Comment le sait-il ? C'est là la science du bon
antiquaire ! De même un fin connaisseur en vin
pourra préciser l'année, le cru et la
cave de tel ou tel échantillon. Il sait que le
vin de telle année et de tel coteau, en raison
des conditions particulières qui
régnèrent alors, a acquis une saveur qui
le distingue des vins que ces mêmes vignes
livrèrent les autres années. Il en va de
même des hommes ; nous sommes nés
à un moment donné, en un lieu
donné, et nous avons, comme les crus
célèbres, les qualités de l'an et
de la saison qui nous ont vus naître.
L'astrologie n'en prétend pas davantage.
To Pr.B.V.Raman* - Bangalore/India
6 septembre 1947
Dear Pr.Ramn,
Je n'ai pas encore reçu l'Astrological
Magazine, mais je veux quand même
répondre tout de suite à votre
lettre.
Vous voudriez savoir ce que je pense de
l'astrologie ; il y a plus de trente ans que je
m'intéresse à cette préoccupation
de l'esprit humain. Ce qui m'intéresse avant
tout en tant que psychologue, c'est la question de
savoir comment la complication de certains
caractères peut-être
élucidée au moyen de l'horoscope. Dans
les cas de diagnostic psychologique difficiles, je
fais la plupart du temps dresser un horoscope pour
disposer d'un point de vue, nouveau. Dans beaucoup de
cas les indications de l'astrologie contenaient une
explication pour certains faits que je n'aurais pas
compris sans elle. D'une telle expérience j'ai
tiré la conclusion que l'astrologie
présentait un intérêt tout
particulier pour le psychologue. Elle est
fondée sur un fait psychologique
d'expérience que nous appelons "projection"
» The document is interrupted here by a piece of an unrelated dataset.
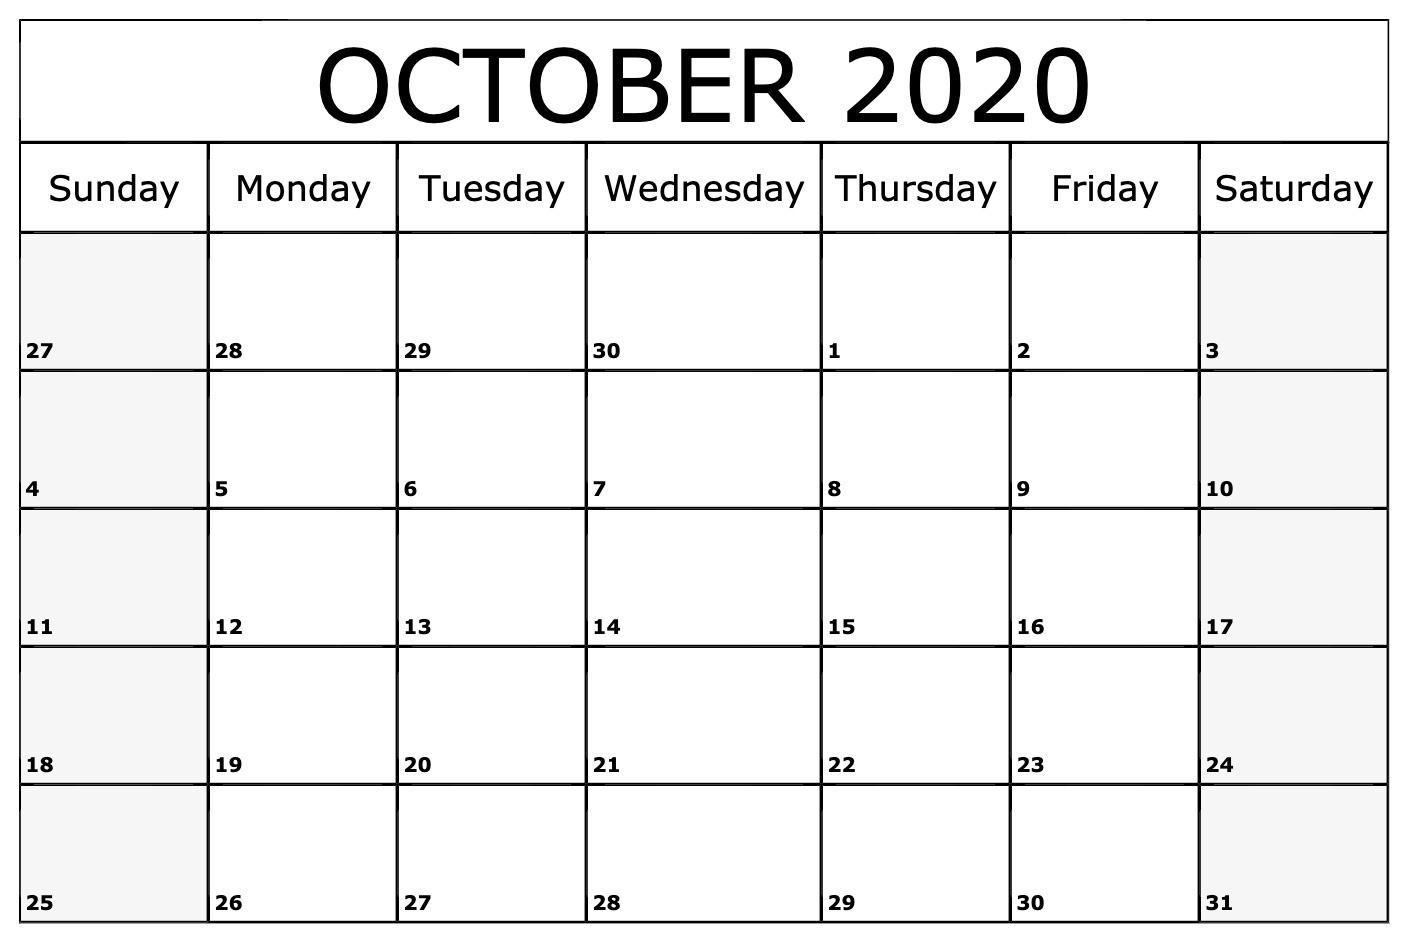 October Calendar 2020 | Calendar 2020-Printable Jewish Calendar For October 2020 With Holidays

&endash; c'est-à-dire que ce que nous trouvons
dans les constellations astrales, ce sont en quelque
sorte des contenus de l'âme. A l'origine il en
est résulté l'idée que ces
contenus provenaient des astres, alors qu'ils n'ont
avec eux, en fait, qu'une relation de
synchronicité*.
Je conviens que c'est très singulier, et que
cela jette une lumière étrange sur la
structure de l'esprit humain.
Ce que je regrette dans la littérature
astrologique, c'est surtout l'absence d'une
méthode statistique par laquelle certains faits
fondamentaux pourraient recevoir une base
scientifique.
J'espère que ma lettre à
répondu à votre question.
Yours sincerely
[C.G.Jung]
* L'en-tête de sa lettre est ainsi
libellé :"Kaman Publications, Proprietor
B.V.Raman ; The Astrological Magazine (India's Leading
Cultural Monthly)."
* Par la suite, Jung a modifié par deux fois
ce point de vue. Cf. lettres à A.Jaffé,
8 septembre 1951, n 2 et à Bender, 10 avril
1958.
15 novembre 1958 - To Robert L.Kroon
L'astrologie est une de ces méthodes
intuitives comme le Yi-King, la géomancie et
autres procédés de divination. Elle est
fondée sur le principe de synchronicité,
c'est-à-dire sur des coïncidences
significatives. J'ai exploré
expérimentalement trois de ces méthodes
intuitives ; celle du Yi King, la géomancie et
l'astrologie.
L'astrologie est une psychologie naïvement
projetée dans laquelle les attitudes et les
tempéraments humains sont
représentés par des dieux et
identifiés à des planètes ou
à des constellations du zodiaque. Lorsque je
travaillais sur l'astrologie, j'ai eu plus d'une fois
l'occasion de l'appliquer à des cas
particuliers.
On constate de remarquables coïncidences, par
exemple la position de Mars au zénith dans le
fameux horoscope de Guillaume II, qu'on a
appelé le "Friedenskaiser". Déjà
dans un traité médiéval il est
dit que cette position signifie toujours un casus ab
alto, un cas qui vient du haut.
Une telle expérience est très
impressionnante pour un esprit versatile, peu
sûre lorsqu'elle est aux mains de quelqu'un sans
imagination, et dangereuse dans celles d'un fou, comme
c'est le cas pour toutes ces méthodes
intuitives. Si on s'en sert intelligemment, elle peut
être utile lorsqu'on a affaire à une
structure particulièrement opaque. Elle permet
souvent des intuitions surprenantes. Sa limite la plus
sûre est constituée par le manque
d'intelligence et d'ouverture d'esprit de
l'observateur. Elle constitue un intelligent
aperçu comme peuvent l'être les lignes de
la main ou l'expression du visage &endash; toutes
choses dont un esprit stupide et sans imagination ne
peut rien faire et à partir desquelles un
esprit superstitieux tire les pires
conclusions.
La vérification statistique des
"vérités" astrologique est discutable et
même improbable. (CF mon article "Synchronicity"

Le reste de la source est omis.